The problem, of course, was that everyone was sending large files. The limit I instituted for outgoing is now 3.5 MB, incoming at 10 MB. These are, in my opinion, very large limits, but complaints quickly grew. I created a samba share on our network which users could drop files into, making them immediately available through a symlink to our public web server. The URL could then be emailed instead of the actual file.

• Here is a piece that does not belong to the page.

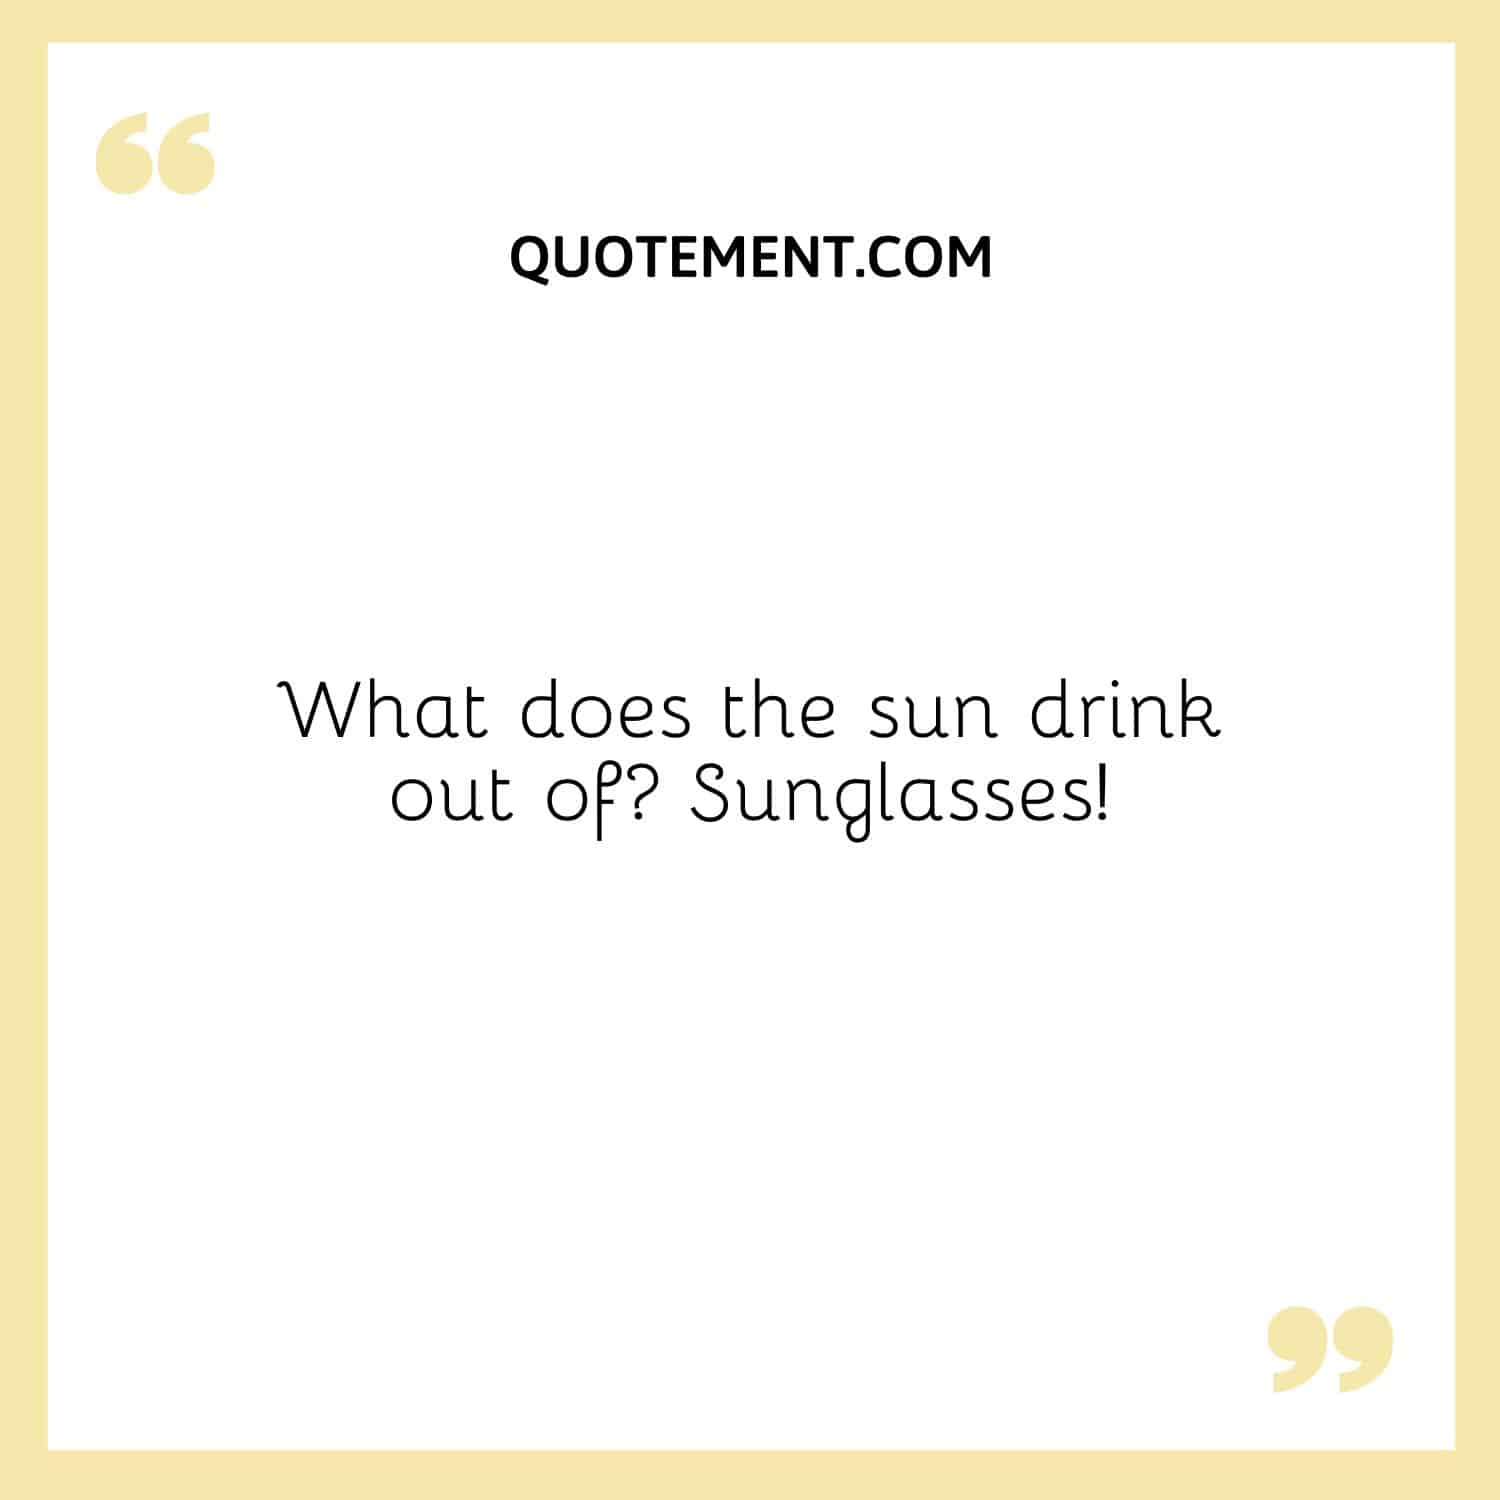 ¿Qué se bebe el sol de las gafas de sol?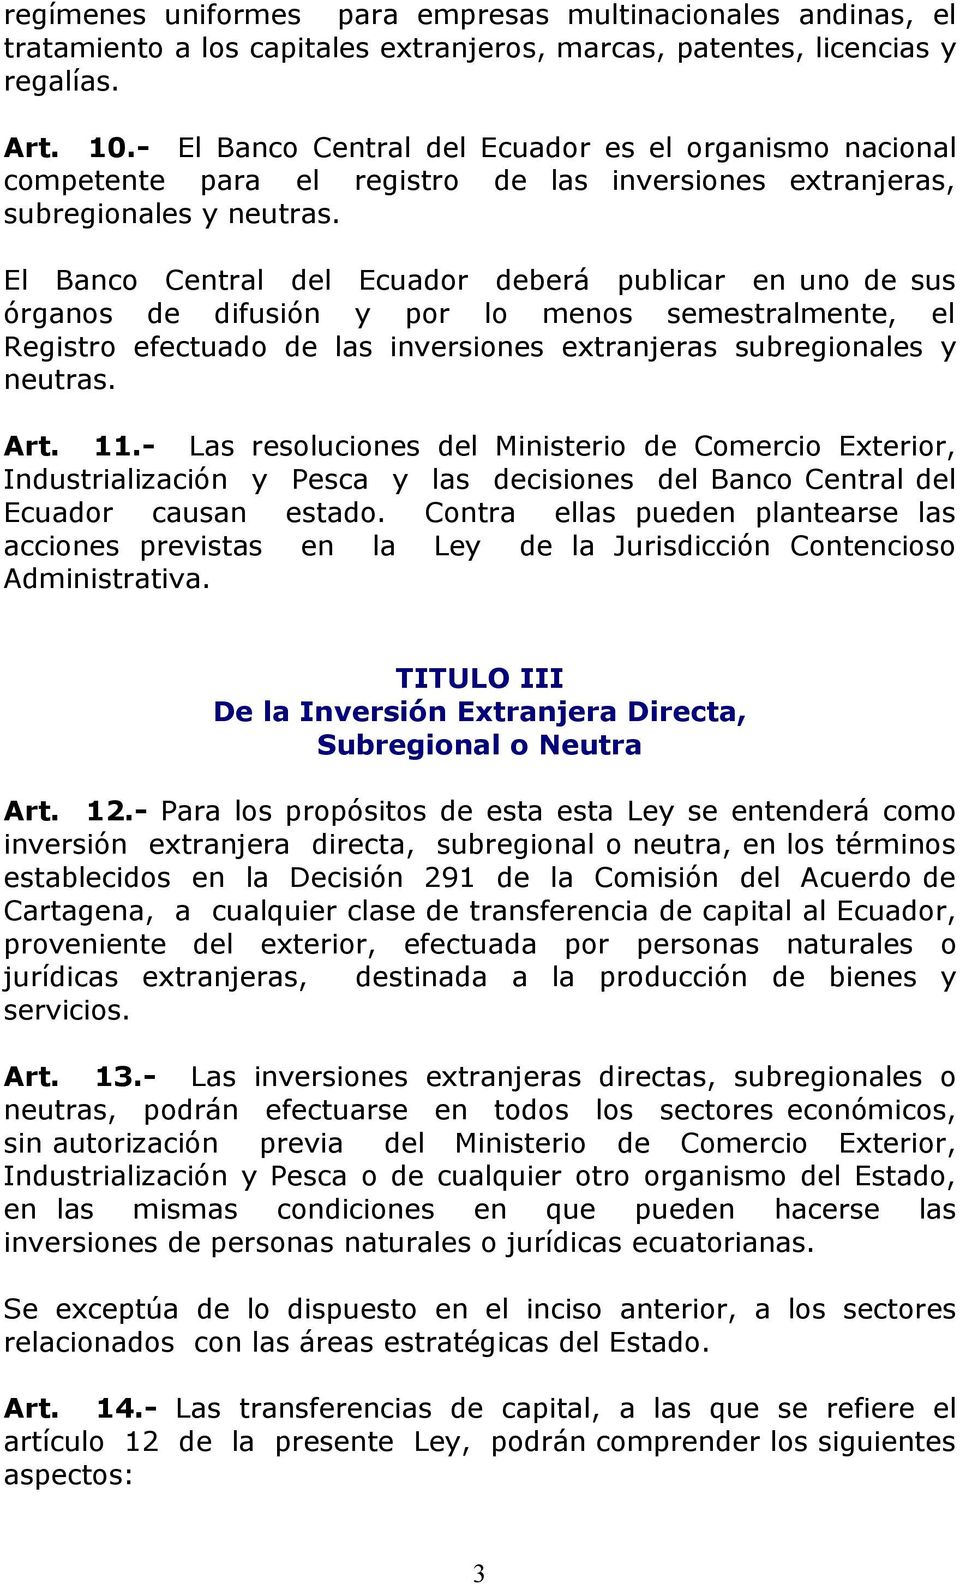 El Banco Central del Ecuador deberá publicar en uno de sus órganos de difusión y por lo menos semestralmente, el Registro efectuado de las inversiones extranjeras subregionales y neutras. Art. 11.

Now, how big of a next step is it to create a form in Exchange which can automatically copy a file into the share, and insert the URL (or URLs) into the email message. Taking it a step further, can the form accept directories to send, zipping them first and copying them to the share? Can it add a password to the zip archive and place it into the body of the message?

Thoughts? I may just have to find a guy in house to put this to task, the more I think about it. [Jon Hoover]

I've no experience with Exchange development, but I told Jon I'd float his query here in case somebody has a solution they'd like to share. For a first level of security, the URL contained in the email message could look like this:

https://user:password@domain.com/~user/proposal.pdf

By the way, I notice that Chad Dickerson is hiring a developer for InfoWorld. Cool! I'm sure there are lots of other priorities, but maybe we can also task the person to make our own email infrastructure smarter.